For curtailing NOx emissions, various technologies are available that can help in the reduction of NOx levels. These include selective catalytic reduction (SCR) and selective non-catalytic reduction (SNCR) systems, and over fire air (OFA) and low NOx burners (LNBs). OFA and LNB are already being used in India, but they are capable of reducing the NOx emissions only up to 600 mg per Nm3. The NOx limit for newer plants is 100-300 mg per Nm3, for which post-combustion denitrification systems such as SCR and SNCR are required. However, they have not yet been proven suitable for Indian coal, which has high ash content. SCR systems also require ammonia as a de-nitrification agent (about 2,500 tonnes per year for a 500 MW unit). The arrangement for availability, transportation, handling and storage for such large quantities of ammonia is yet to be addressed by gencos. Various pilot studies are being undertaken to understand the performance of SCR and SNCR systems in the Indian context. For instance, NTPC is undertaking eight projects for SCR and two for SNCR. These pilot projects are likely to be completed by May 2019. The SCR pilots are being conducted at the Vindhyachal, Rihand, Korba, Simhadri (two projects), Ramagundam, Sipat and Kahalgaon TPPs and SNCR tests are being conducted at the Rihand and Vindhyachal TPPs. The findings of these pilot projects will play a significant role in determining a suitable technology solution for reducing NOx emissions.

Challenges and outlook

Progress on the implementation of emission control systems has been slow owing to a mix of reasons. One of the key factors is the additional capex and opex requirements for the implementation of FGD and other emission control systems. While this issue has been addressed to a certain extent, with the cost being allowed as a pass-through in tariff, plant owners have been facing difficulties in arranging funds. Banks and other financial institutions have been reluctant to fund these investments due to the high level of stress in the sector. In October 2018, the minister of state (independent charge) for power and new and renewable energy held a meeting with bankers regarding lending for the installation of pollution control equipment.
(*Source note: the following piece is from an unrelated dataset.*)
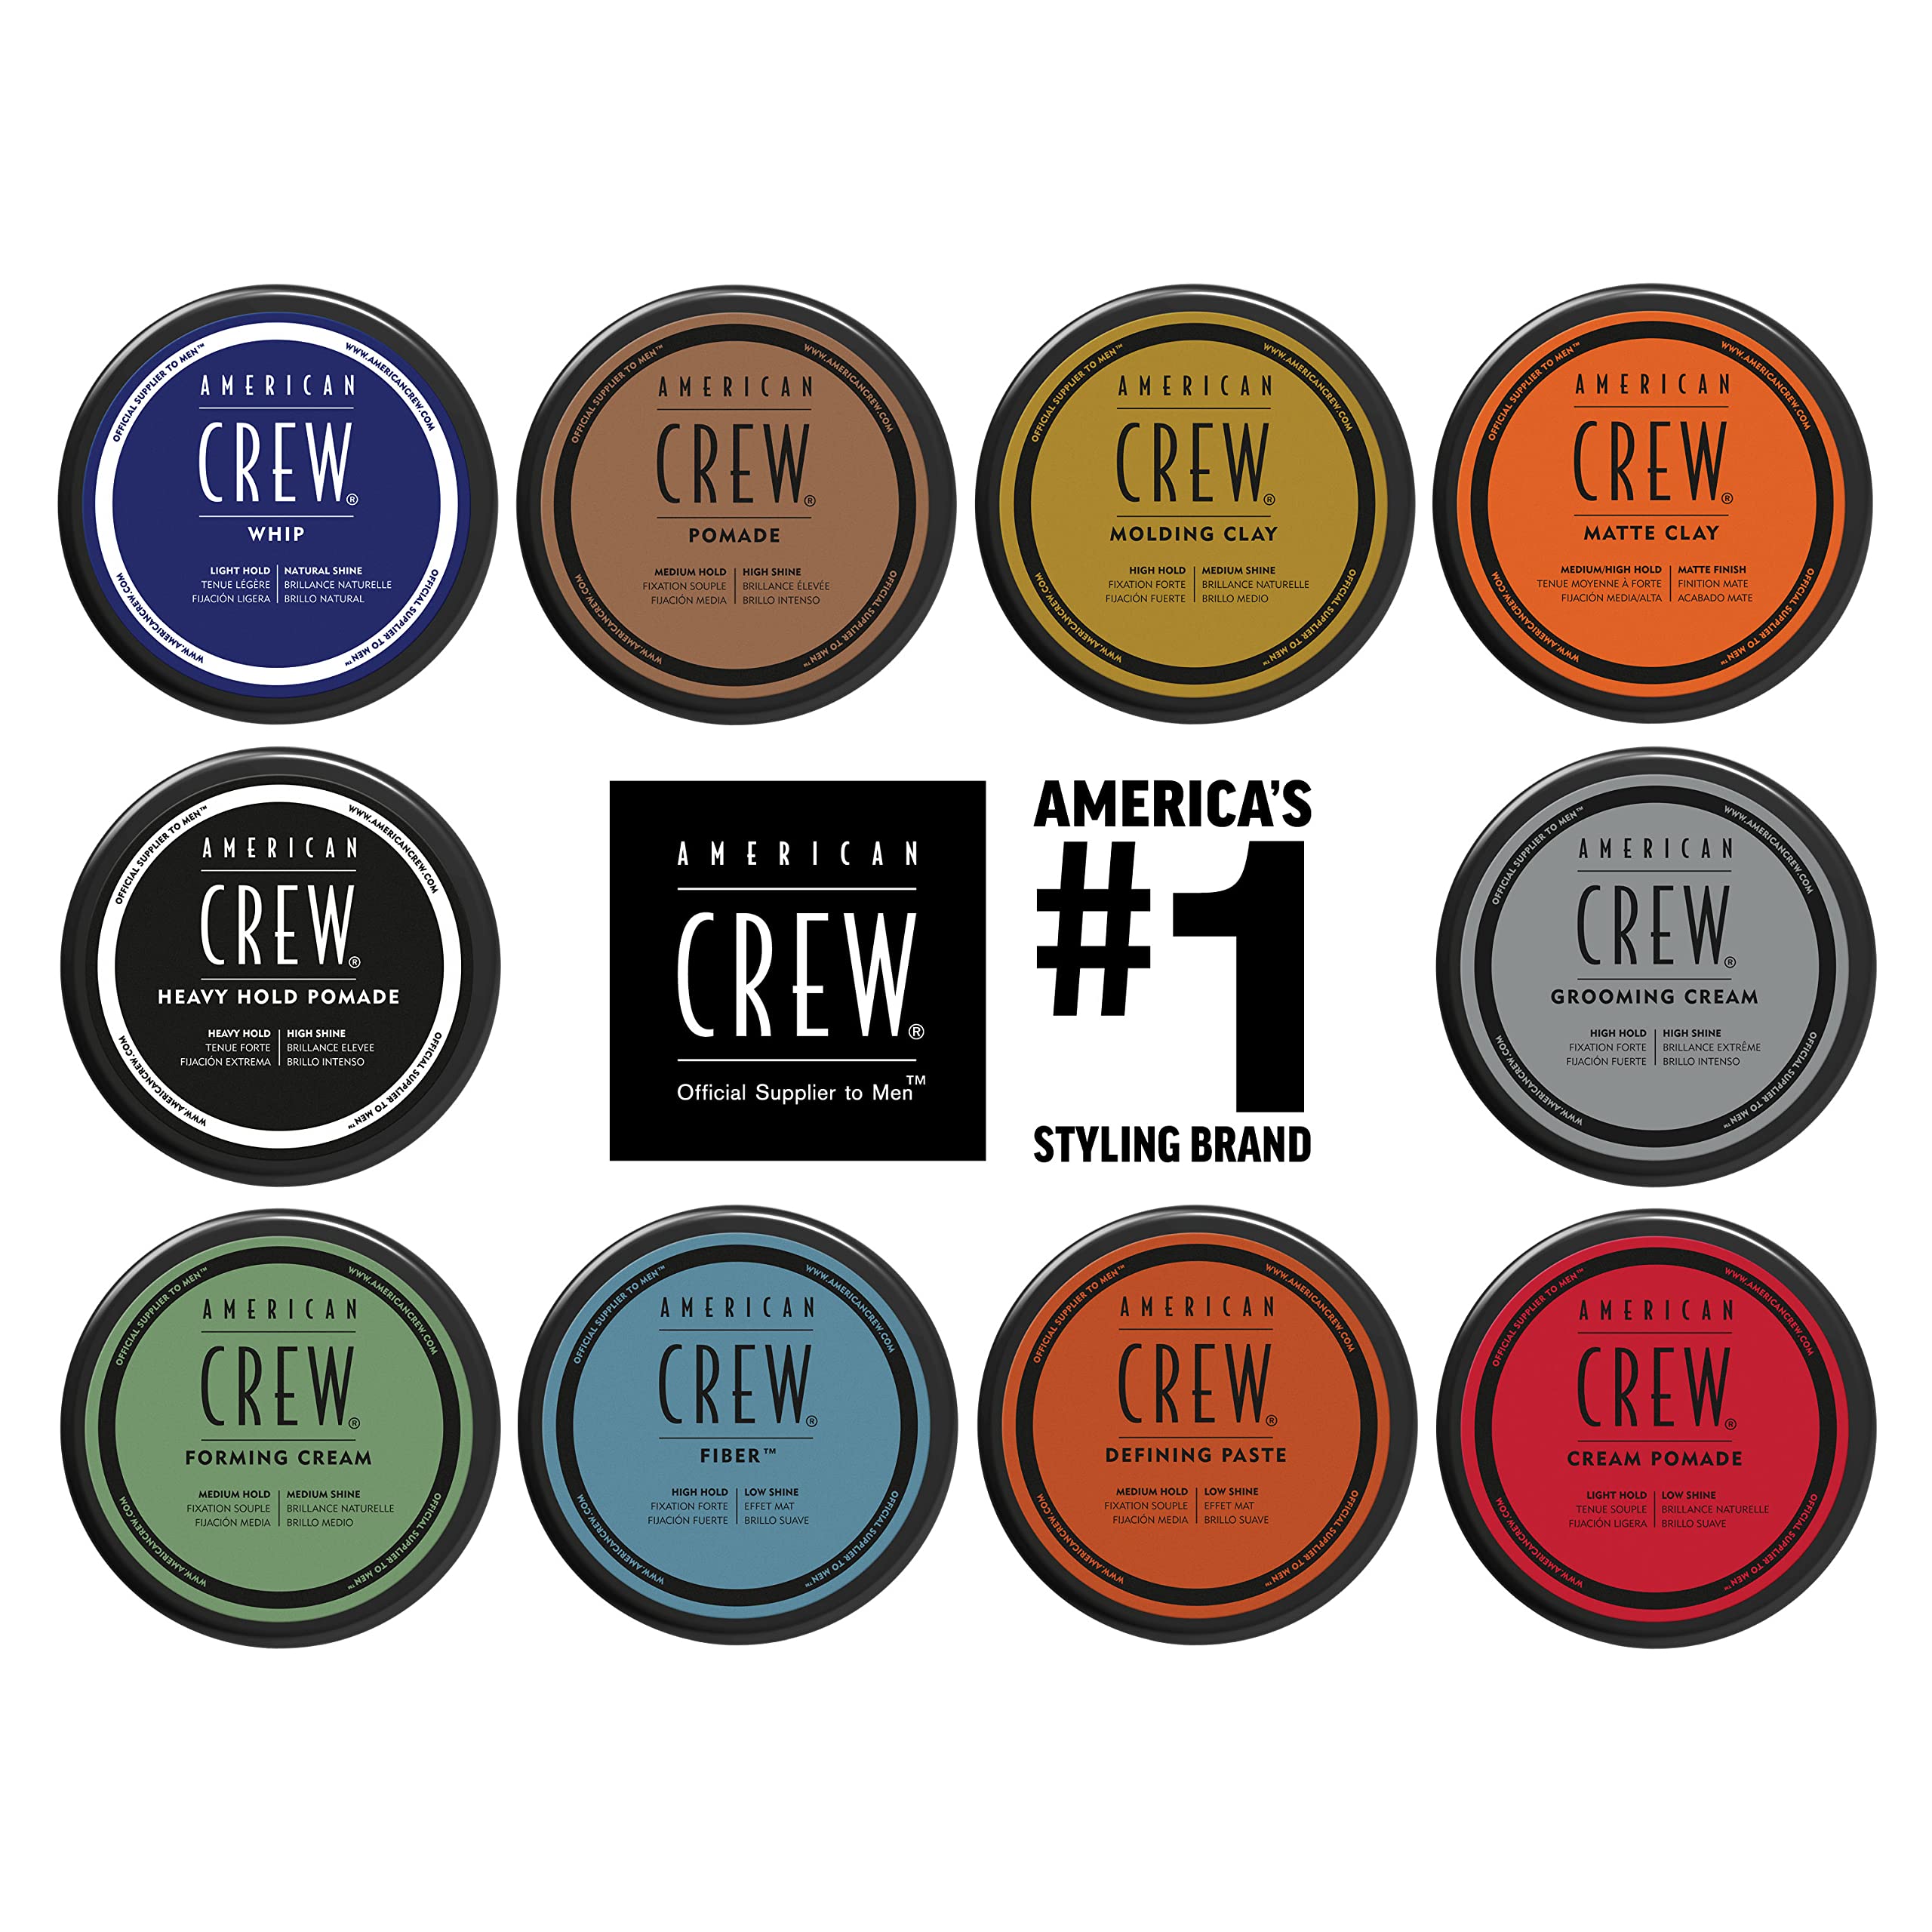 AMERICAN CREW Men's Grooming Cream, Like Hair Gel with High Hold & High Shine, 3 Oz (Pack of 1)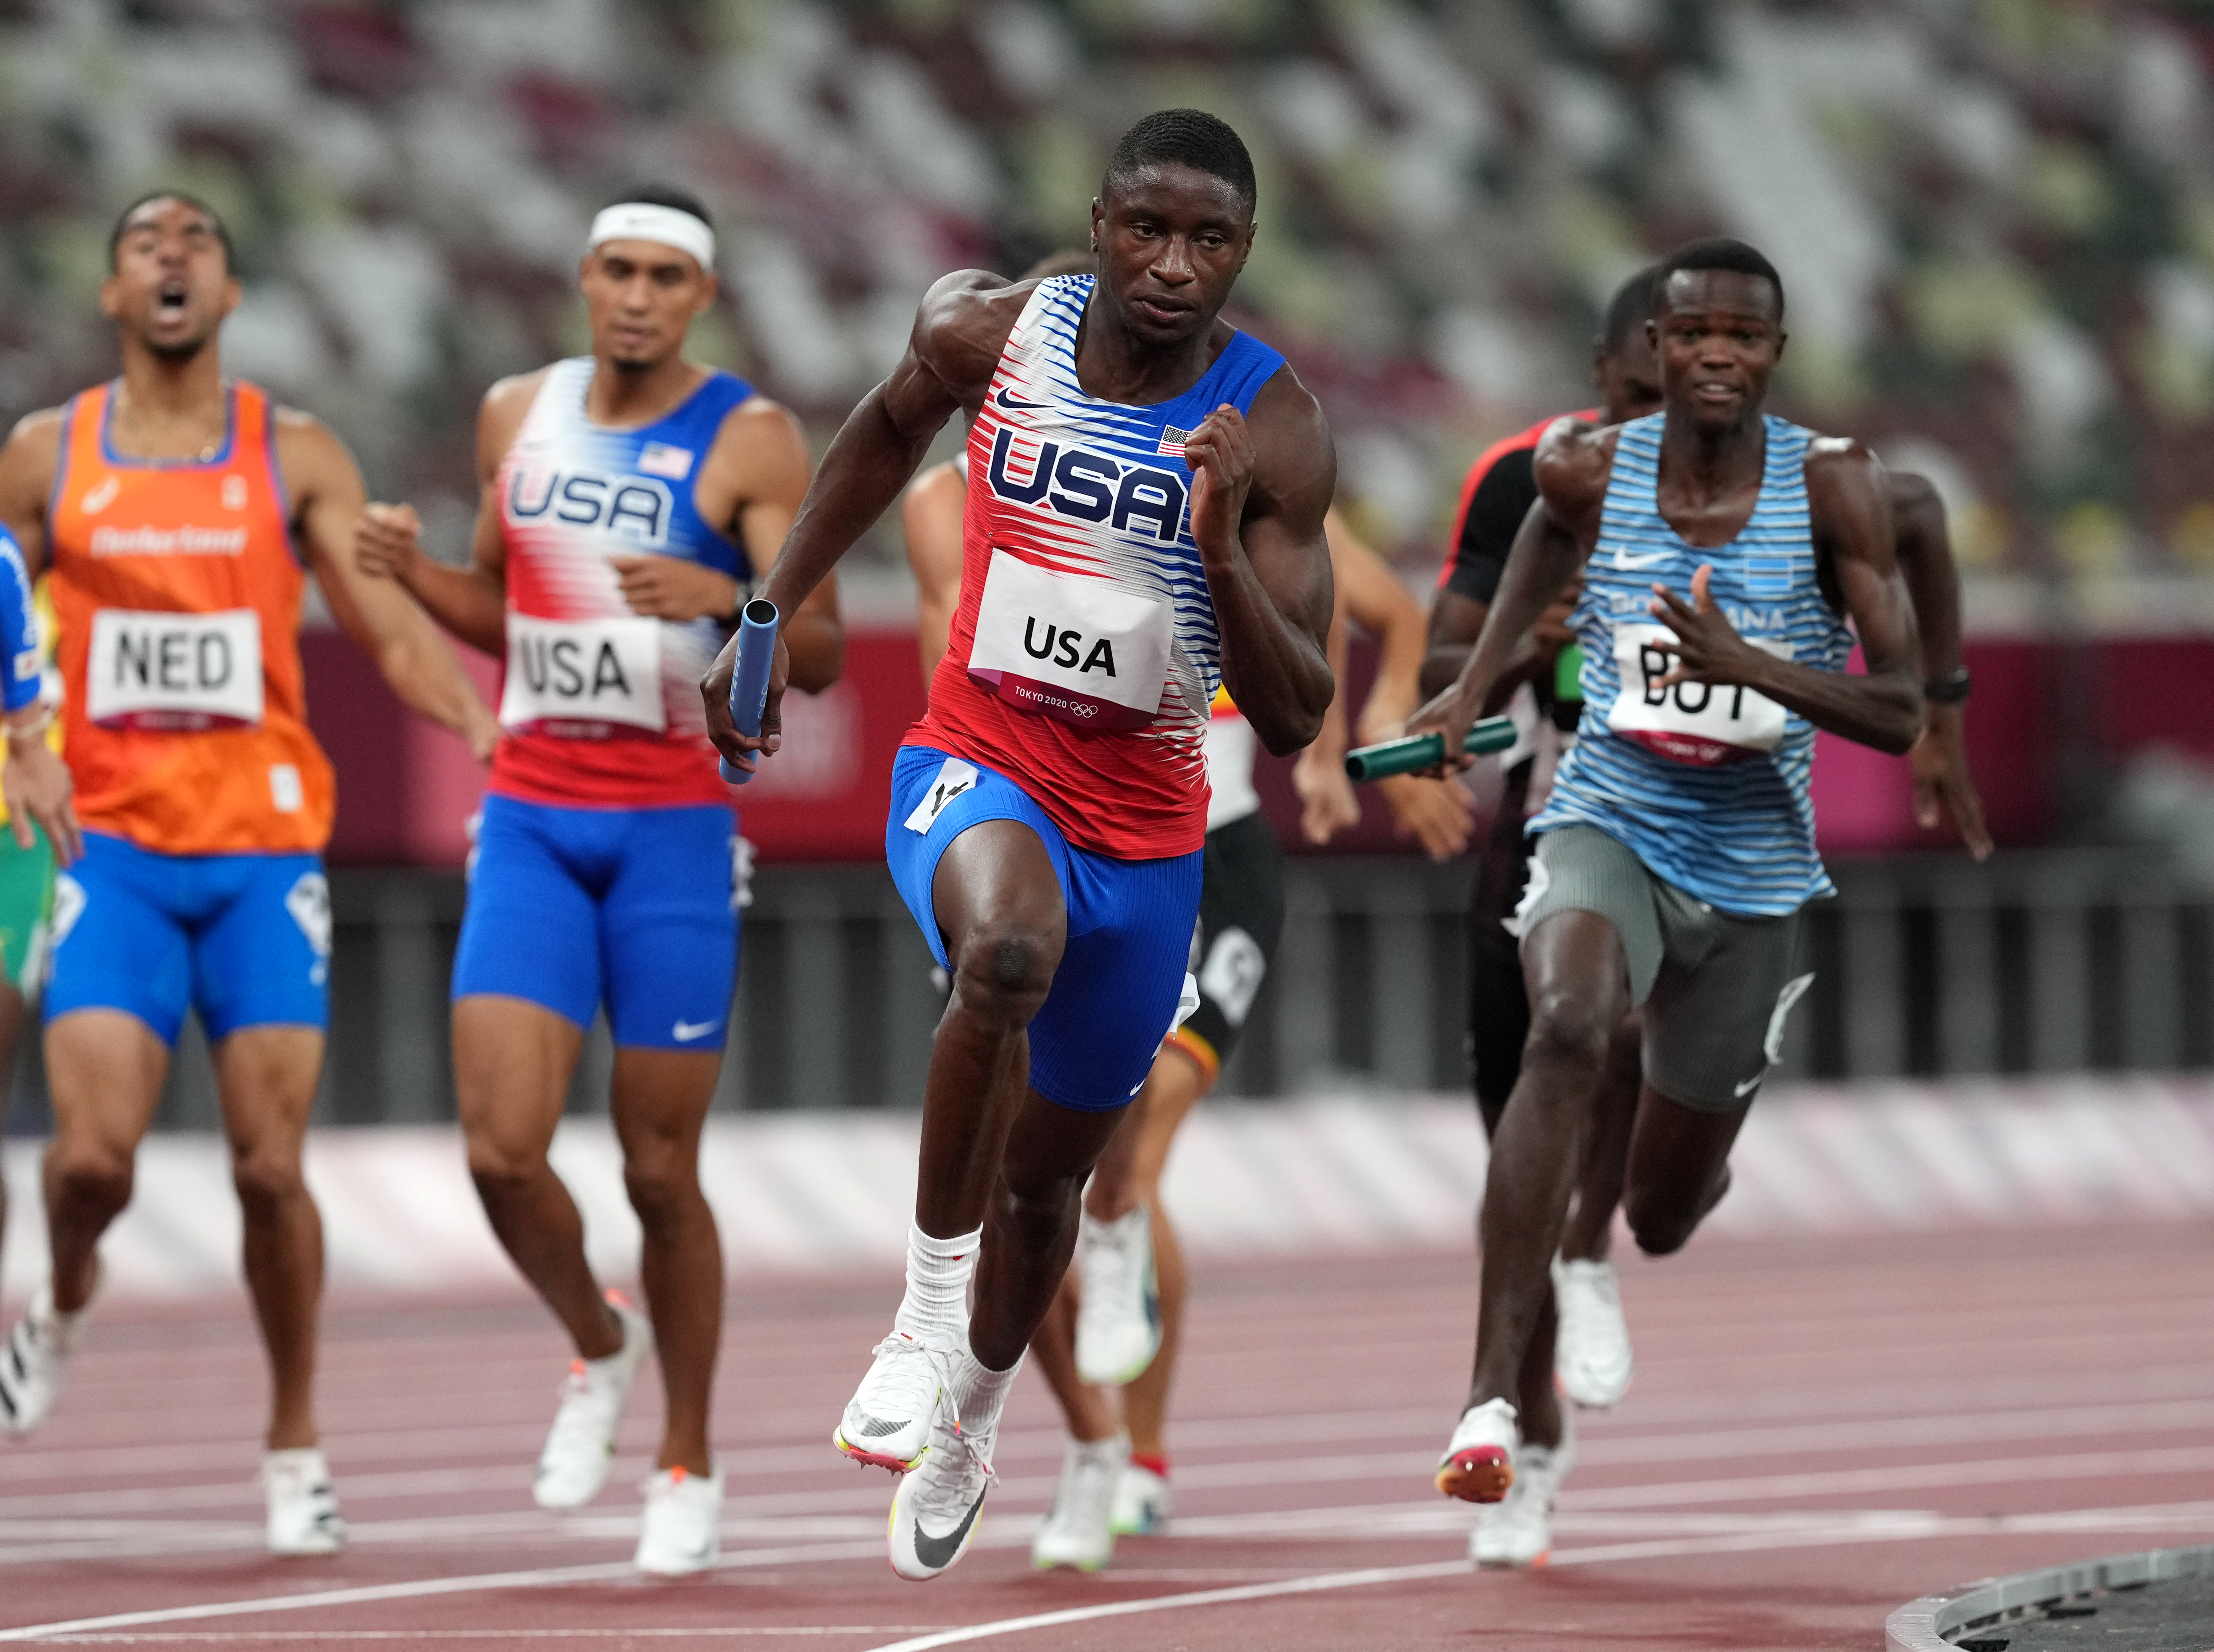 USA’s Bryce Deadmon during the Men’s 4 x 400m Relay at the Olympic Stadium on the fifteenth day of the Tokyo 2020 Olympic Games in Japan.

Further, very few power producers in the country have prior experience in the selection, procurement, commissioning, and operations and maintenance of air quality control systems. To this end, in December 2017, the CEA issued standard technical specifications for retrofitting of wet limestone-based FGD systems in typical 2×500 MW coal-based power plants. The CEA also issued an amendment to the above specifications in October 2018. It mainly deals with the issue of chimney height in view of the MoEFCC notification dated June 28, 2018. Meanwhile, a suitable technology solution for NOx reduction is yet to be identified for high ash Indian coal. NOx emission norms in India are very stringent vis-à-vis other countries.

For FGD systems, the unavailability of good quality limestone, one of the key raw materials, poses a major challenge. The CEA is in discussions with the Ministry of Mines regarding the limestone requirement at power plants. Further, when all plants have operational FGD systems, around 38 million tonnes of gypsum would be generated every year. The disposal/utilisation of such a large quantity of gypsum is a cause for concern. The MoEFCC has formed a group to suggest ways for the disposal of gypsum and calcium sulphite. Also, SCR systems require ammonia as a denitrification agent (consumption of about 2,500 tonnes per year for a 500 MW unit). The availability of large quantities of ammonia as well as facilities for its transportation, handling and storage needs to be ensured before installing SCR systems.

At the current pace of execution, meeting the timelines seems difficult. The gencos need to fast-track the installation of pollution control equipment. The utilities will also take guidance from the CEA with respect to technologies and the costs involved on a case-to-case basis. The feasibility of a technology depends on various factors including unit capacity, vintage and location; operational performance parameters and opex requirement; and gross calorific value of coal and its sulphur content. So far, the CEA has received only six such proposals. Meanwhile, the government needs to track the progress in project implementation more closely.